We asked Matthew Levitt, the Fromer-Wexler fellow and director of the Washington Institute's Stein Program on Counterterrorism and Intelligence, to weigh in on the prospects of foreign intervention to check ISIS, particularly the chances that the U.S. will get further involved.
Syria Deeply: How concerned is ISIS right now about intervention by foreign powers?
Matthew Levitt: I can't imagine that ISIS thought it would take over huge swaths of a country that was functioning – unlike Syria – and there wouldn't be concern in both the [Arab] region and the West. What you have is the influx of Shia militias, support from Iran and a tremendous number of arms, and intelligence cooperation with the West on the part of both Iraq and Iran.
There's a reason why ISIS was kicked out of al-Qaida, and why it's considered more radical than al-Qaida. They believe that al-Qaida is sitting on the sidelines, not doing what has to be done. They also feel that in Iraq, there is an opportunity [for power] because the central government, which is Shia-dominated, has created problems for the Sunnis. ISIS takes solace in the fact that it has cooperation from tribes, and that some in the Gulf have been referring to events in Iraq as an intifada.

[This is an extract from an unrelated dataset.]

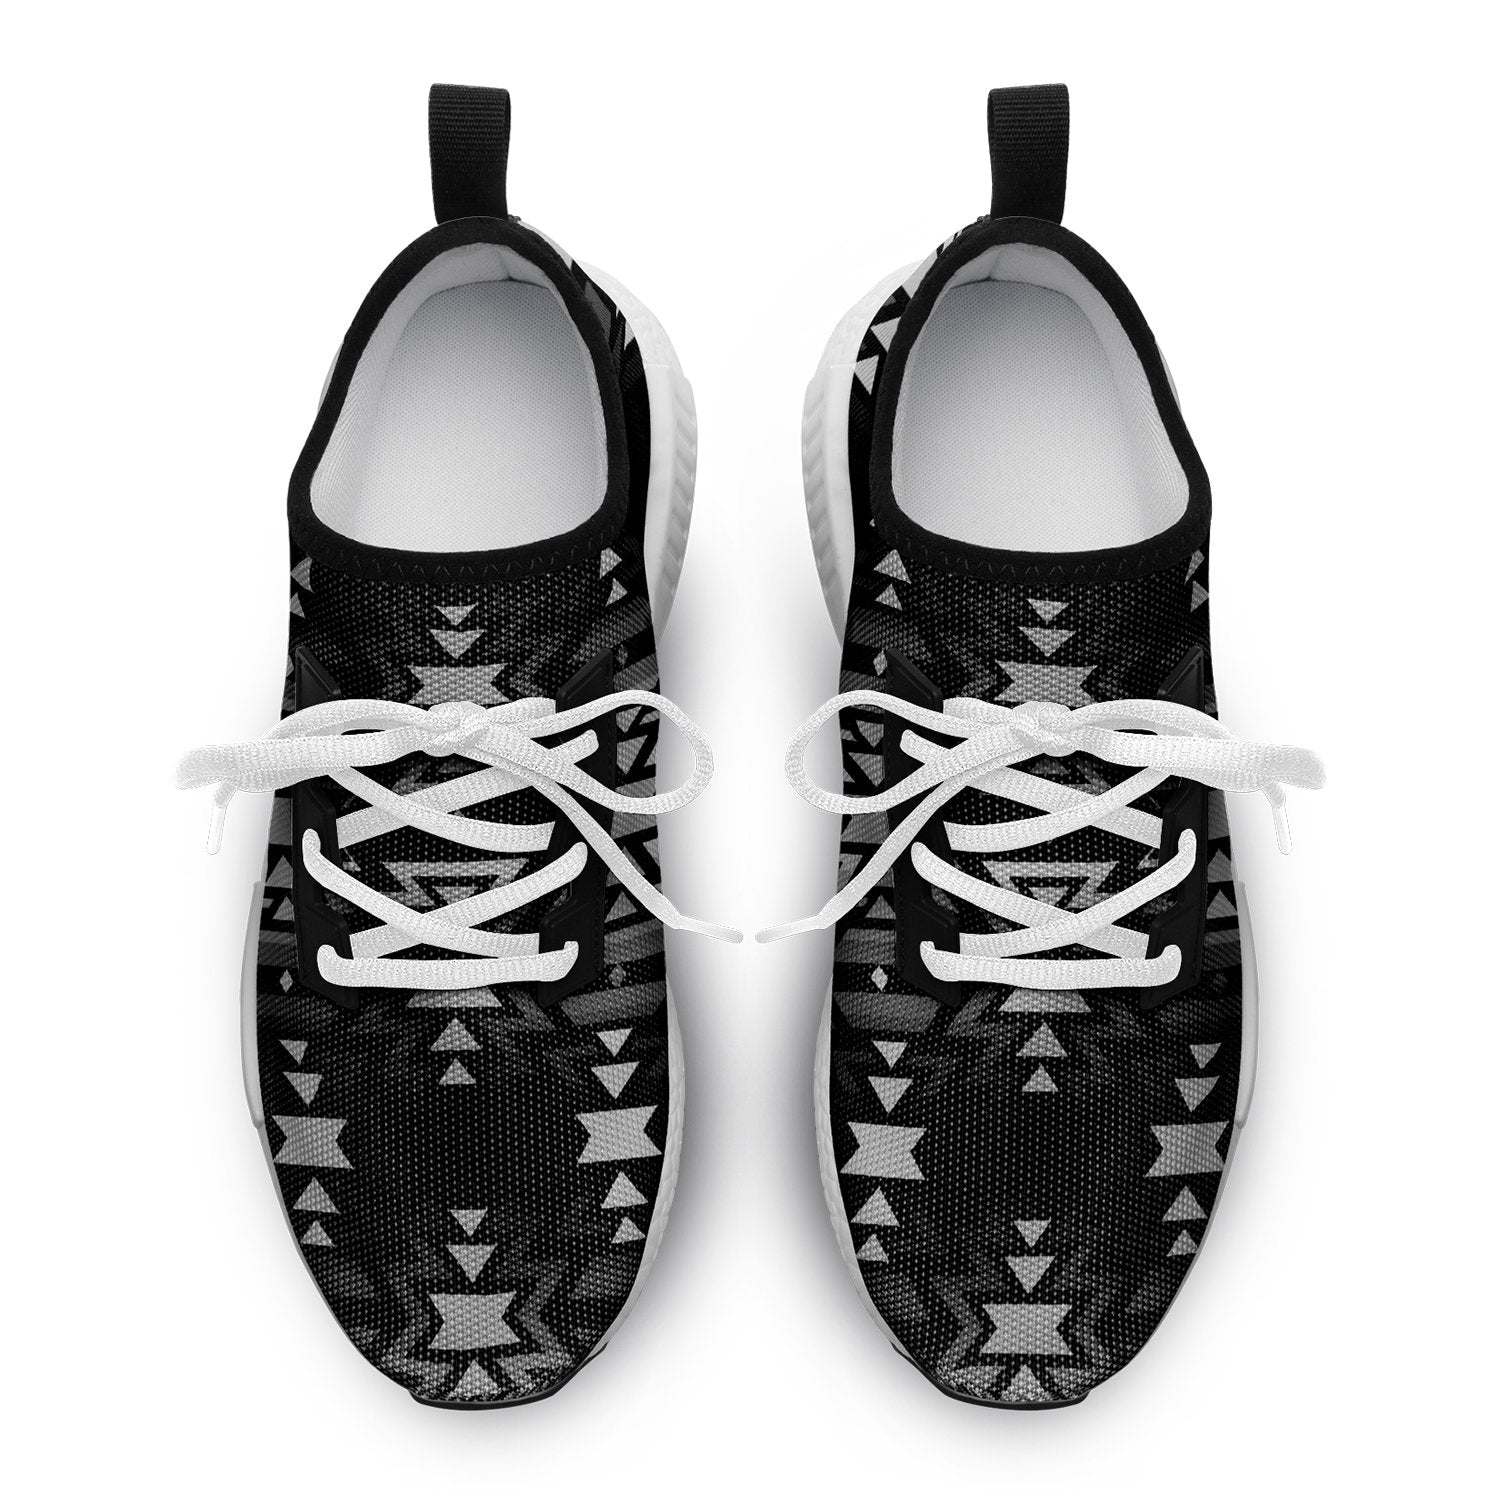 Black Fire Black and White Draco Running Shoes 49 Dzine

There was a Saudi journalist who referred to what was happening in Iraq as "the wrong people doing the right thing" – that the Sunnis, in other words, should be rising up, and other Sunnis should be supporting them, but ISIS is the wrong group to [lead] this.
Syria Deeply: What about a U.S. intervention? At this point, the U.S. line is less hawkish than it has been in crises in Iraq in the past.
Levitt: Most people in the region across the spectrum look at the U.S. today and see a country and an administration that is looking to get out of conflicts, not get back into them. They've heard Obama say that he wants to avoid making mistakes, and the way to make mistakes is to get involved in military conflicts. I think they look at the red line fiasco in Syria and see a United States that is not necessarily willing to enforce its own red lines.